Track: Machine Learning
Abstract
As the world moves towards renewable energy sources, solar energy is becoming more widely recognized. This impacts photovoltaic (PV) panel prices, which requires deeper analysis to shape strategic planning. This paper fills a gap in PV panel price forecasting by utilizing machine learning models for multivariate time series forecasting, offering a more robust, comprehensive, and adaptable approach. Based on literature review, feature analysis, and linear regression, PV panel prices factors were identified, and data was collected. The dataset consists of 26 monthly time series features covering January 2018 to July 2023. The study's methodology consists of two phases: Phase I involves applying machine learning models (CNN, KNN, Random Forest, SVR, XGBoost) to forecast prices, resulting in the selection of the Random Forest model as the most effective based on performance metrics and comprehensive evaluations. Phase II utilizes the aforementioned model, along with forecasted features from the SARIMA model, to predict future PV panel prices. Forecasts indicate a stabilized PV panel market for 36 months from July 2023, with slight price fluctuations. This stabilization hypothesis aligns with other research findings, suggesting industry agreement.
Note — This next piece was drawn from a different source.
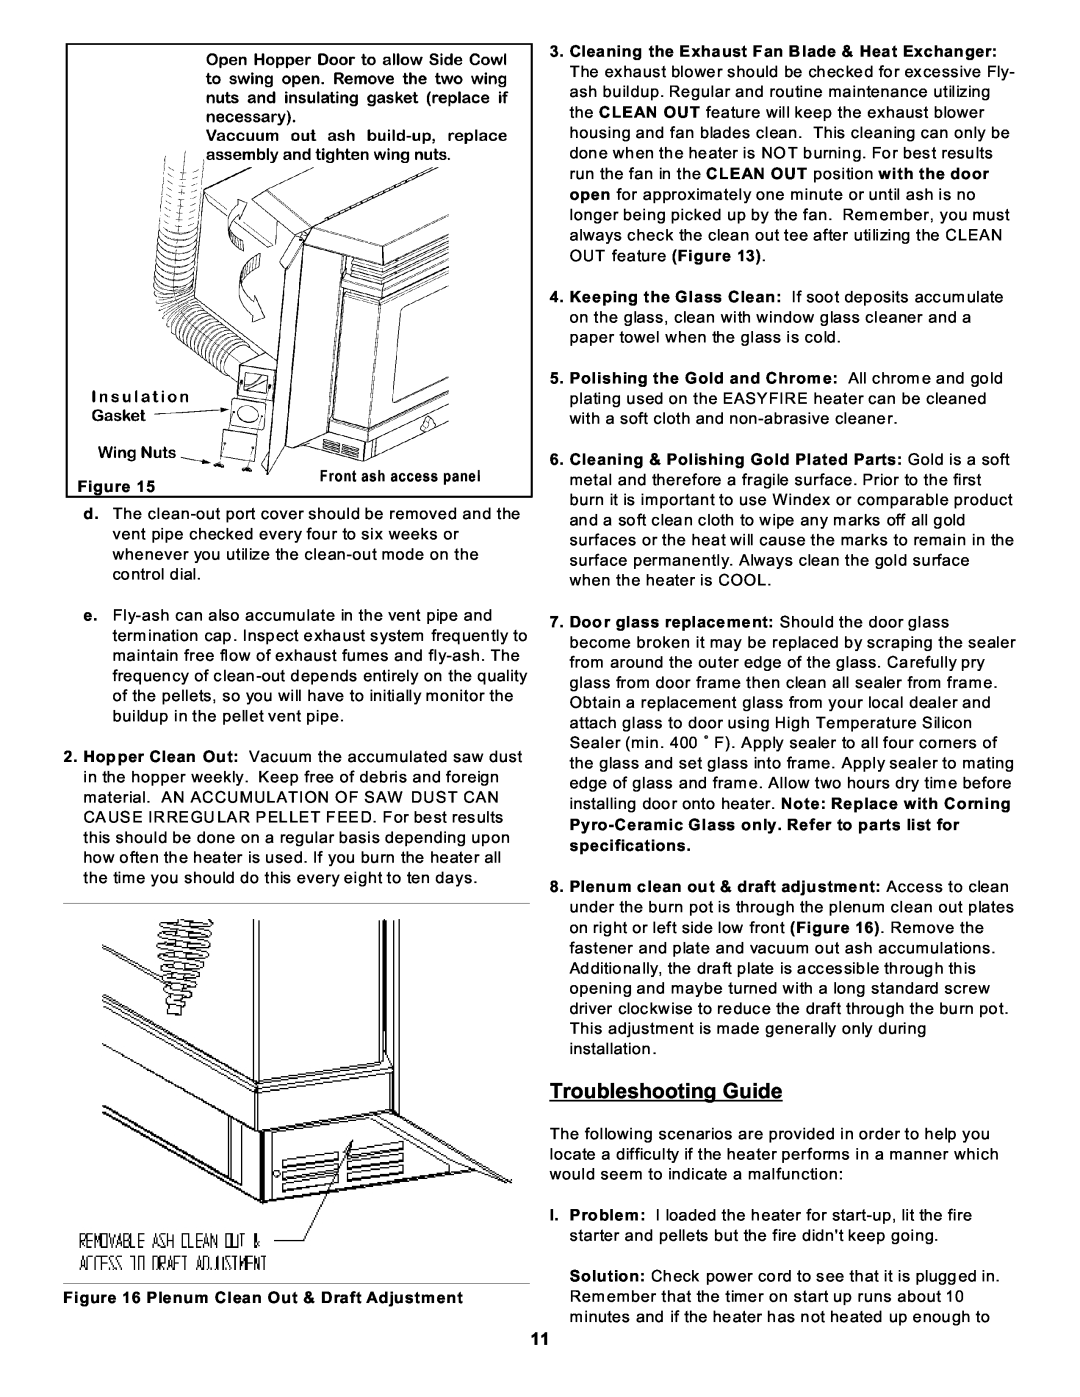 Sierra Products EF-4001B operating instructions Troubleshooting Guide, Front ash access panel Figure

As the solar industry is dynamic, regular market analyses and model calibrations are essential.Overall, the research enhances the understanding of solar energy price time series forecasting, merging data gaps, and outlining pivotal price-influencing factors, offering stakeholders direction towards a sustainable energy future. Recommendations include using a broader dataset, improving methodology, exploring more models, applying a hybrid model, and continually updating forecasting methods in alignment with industry dynamics.